Ela é causada pela deficiência de uma enzima, a alfa-glicosidase ácida (GAA), que faz a quebra de uma substância chamada glicogênio, que, dentro das células, vai se transformar em energia. A falta dessa enzima é a causadora dos sintomas predominantes da enfermidade, que atinge aproximadamente 2 500 brasileiros, estimativa baseada nos dados epidemiológicos mundiais, que dão conta de que a doença afeta uma a cada 40 000 pessoas ao redor do globo. Apenas 10% de seus portadores são diagnosticados no país, dos quais apenas pouco mais de 100 estão em tratamento.
Para reverter a situação, o Brasil foi o primeiro a criar, em 2012, o Dia Nacional de Consciência de Pompe, celebrado em 28 de junho. O objetivo é capacitar os profissionais da saúde e alertar a população para que reconheçam os principais sintomas clínicos da doença. “Infelizmente, o paciente que se dirige à unidade de saúde encontra dificuldade ou até mesmo a recusa de um tratamento adequado. E a razão disso é o desconhecimento da doença, do seu manejo e do seu cuidado no sentido mais amplo”, afirma o dr. Marcondes França Jr., coordenador do Departamento Científico de Moléstias Neuromusculares da Academia Brasileira de Neurologia (ABN). “Não tenho dúvida de que a capacitação dos profissionais de saúde é um passo importante para que a gente possa reduzir o retardo no diagnóstico da doença e facilitar um cuidado de saúde adequado aos pacientes.”
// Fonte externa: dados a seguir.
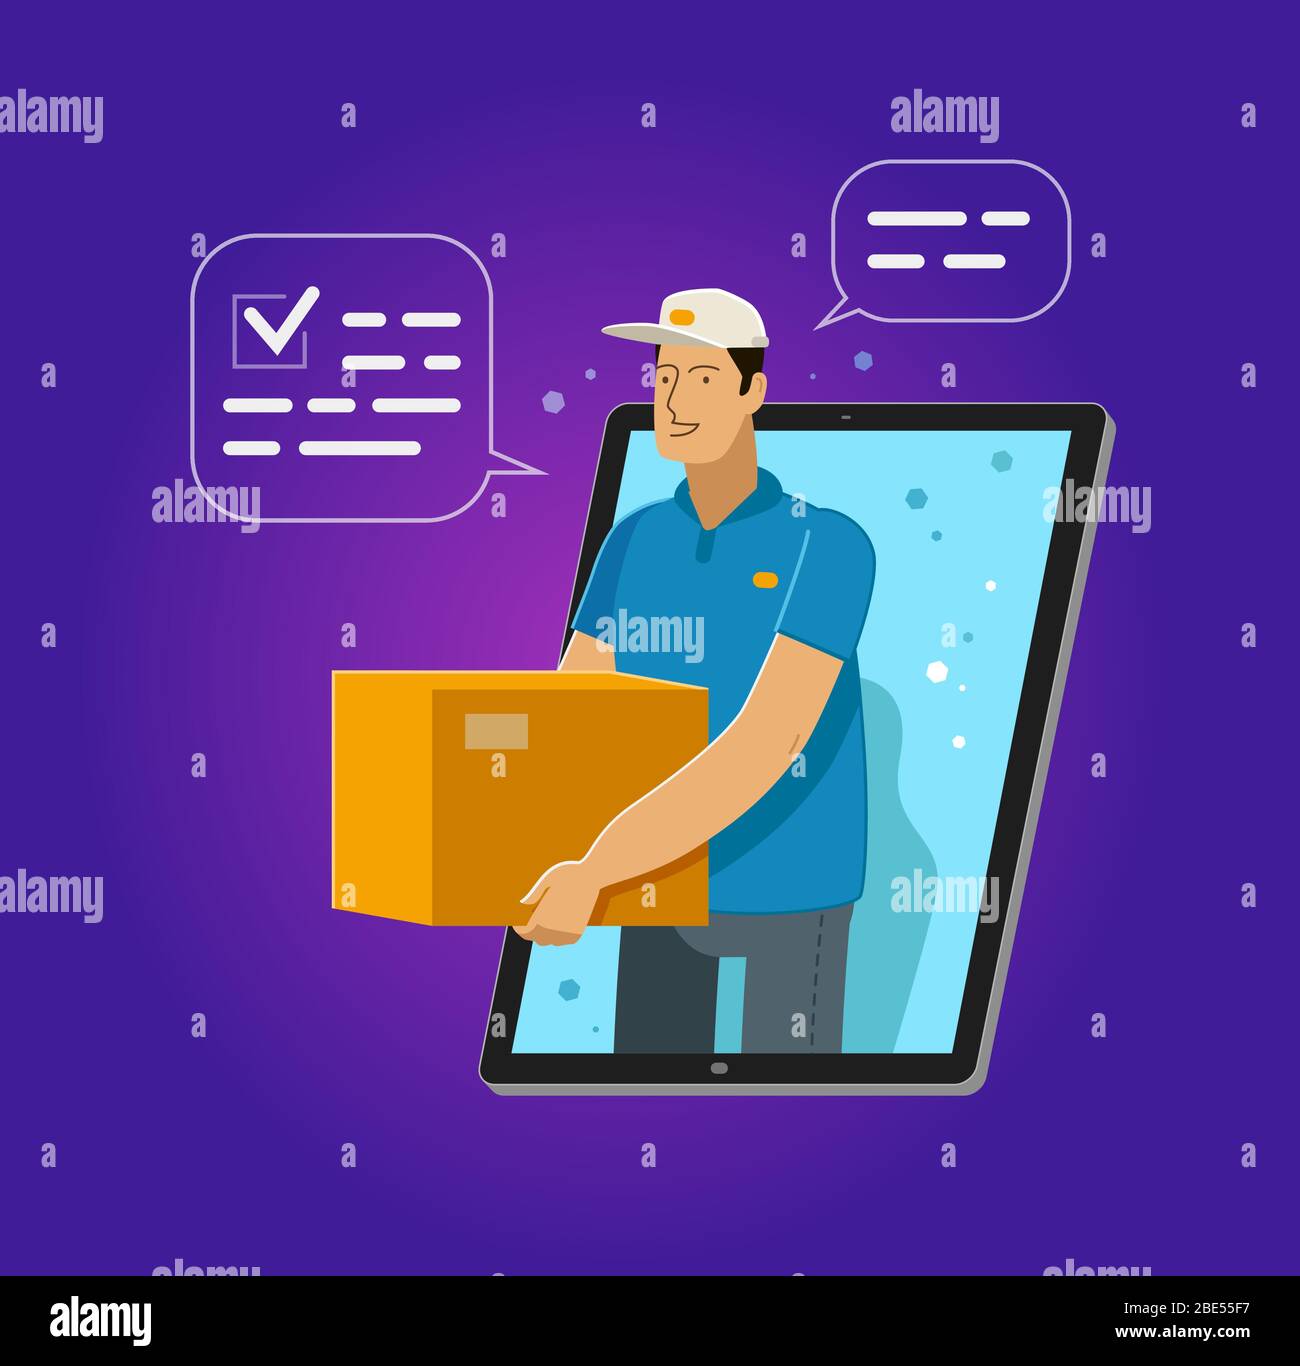 Delivery issued through web application on tablet. Vector illustration Stock Vector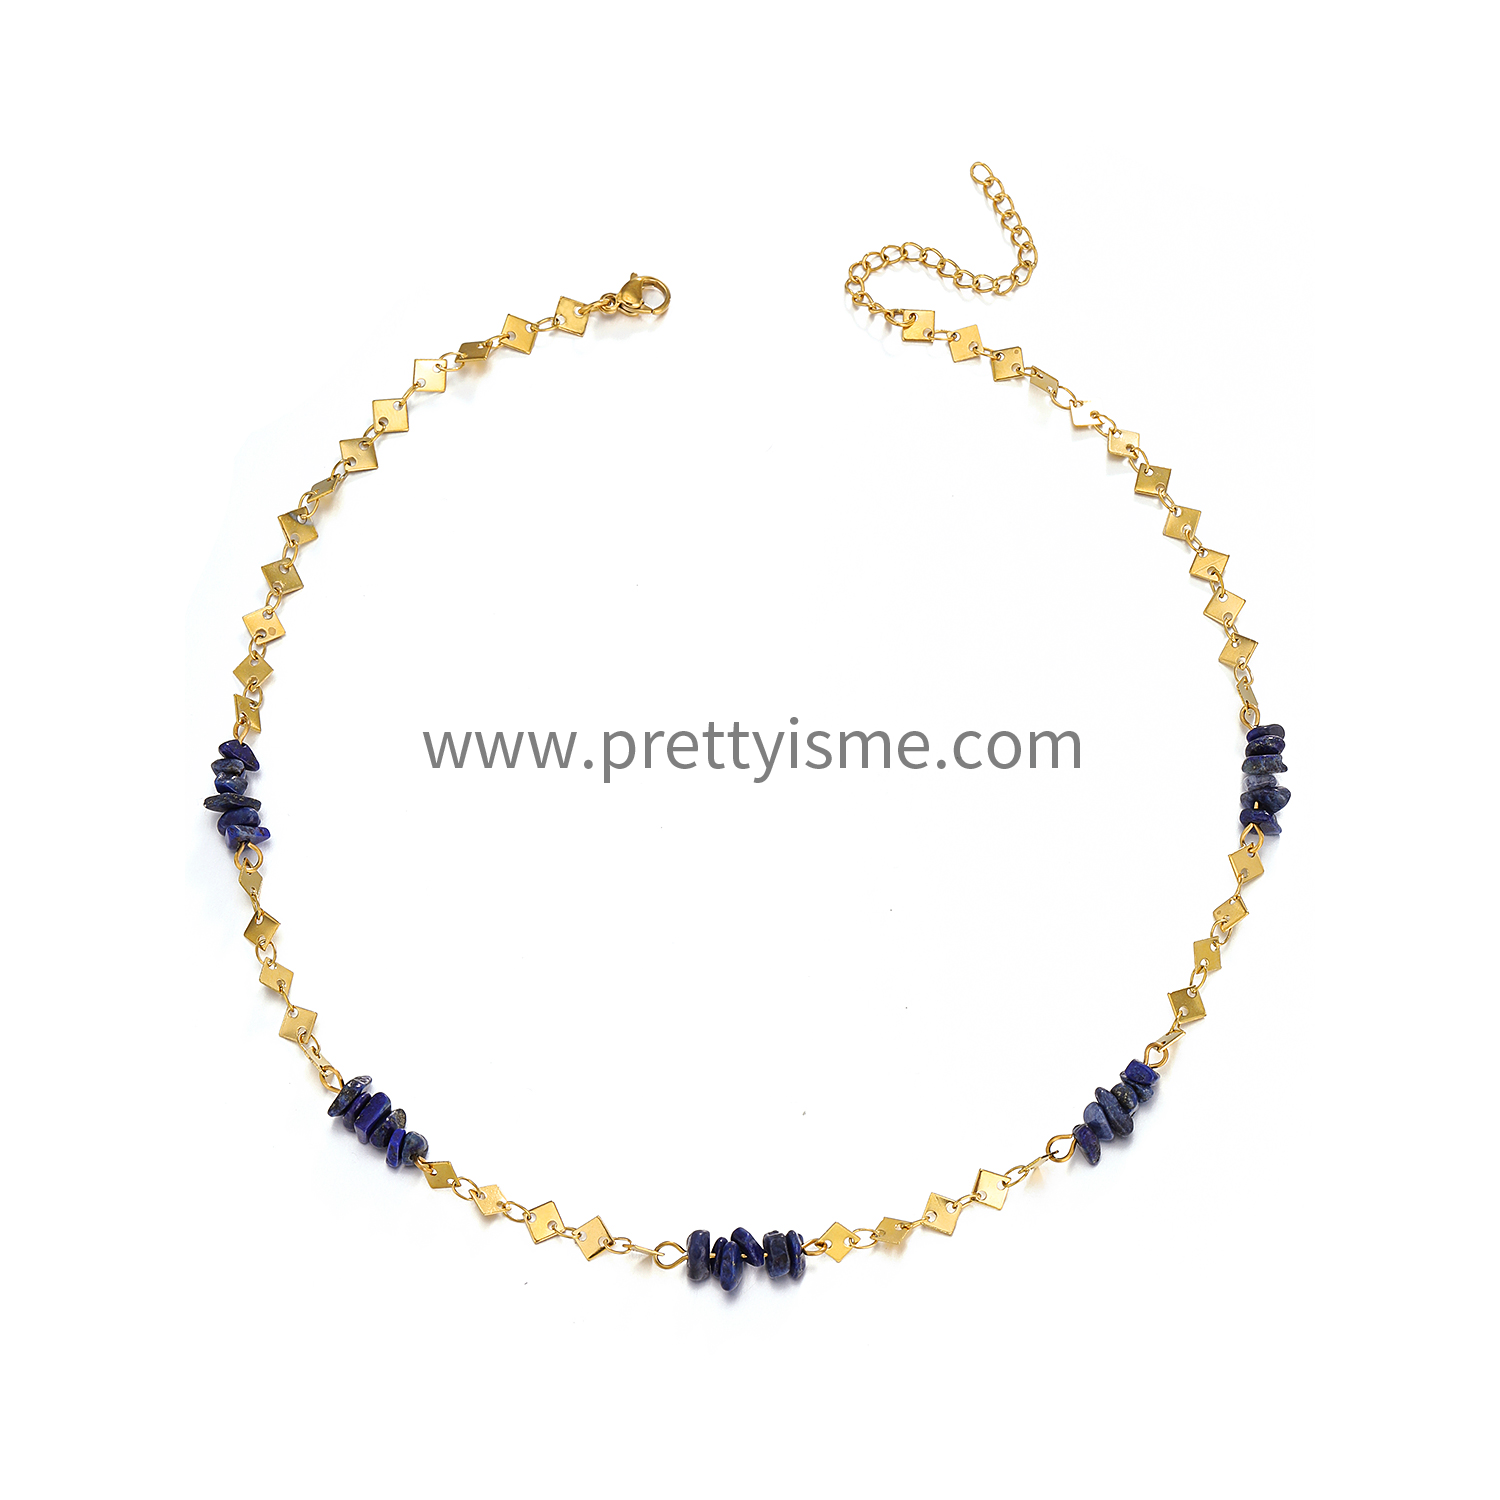 Pretty Is Me Collection Designer 18K Gold Stainless Geometric Square Link Chain Blue Black Stone Beads Choker Necklace Girls (6).webp

O médico lembra que o diagnóstico precoce faz toda a diferença no sucesso do tratamento e na qualidade de vida do paciente. Isso porque se trata de uma doença progressiva. “Há formas mais graves, em que a manifestação é precoce, e mais brandas e tardias. Independentemente da forma, o diagnóstico precoce é importante, pois é uma doença metabólica tratável”, explica a dra. Carolina Fischinger, presidente da Sociedade Brasileira de Genética Médica e Genômica (SBGM). “Além da possibilidade de tratamento, o diagnóstico favorece o aconselhamento da família, pois trata-se de uma doença genética que pode afetar outros membros do núcleo familiar”, alerta.
Sintomas e tratamento
Quando existe uma deficiência total ou de menos de 1% de alfa-glicosidase ácida (GAA), os pacientes afetados são predominantemente bebês e os sintomas são fraqueza muscular, alteração respiratória e cardiomegalia (coração muito grande). Já nos pacientes com deficiência parcial da enzima, não haverá cardiopatia, mas os outros sintomas se fazem presentes, especialmente a fraqueza muscular. “Eu me abaixava para pegar sacolas do chão, mas, na hora de levantar, precisava apoiar as mãos nos joelhos. Também não conseguia erguer minha filha sem apoiar os cotovelos no berço”, lembra Maria do Socorro, que tem a doença. “Com o medicamento, eu melhorei 80%”, comemora.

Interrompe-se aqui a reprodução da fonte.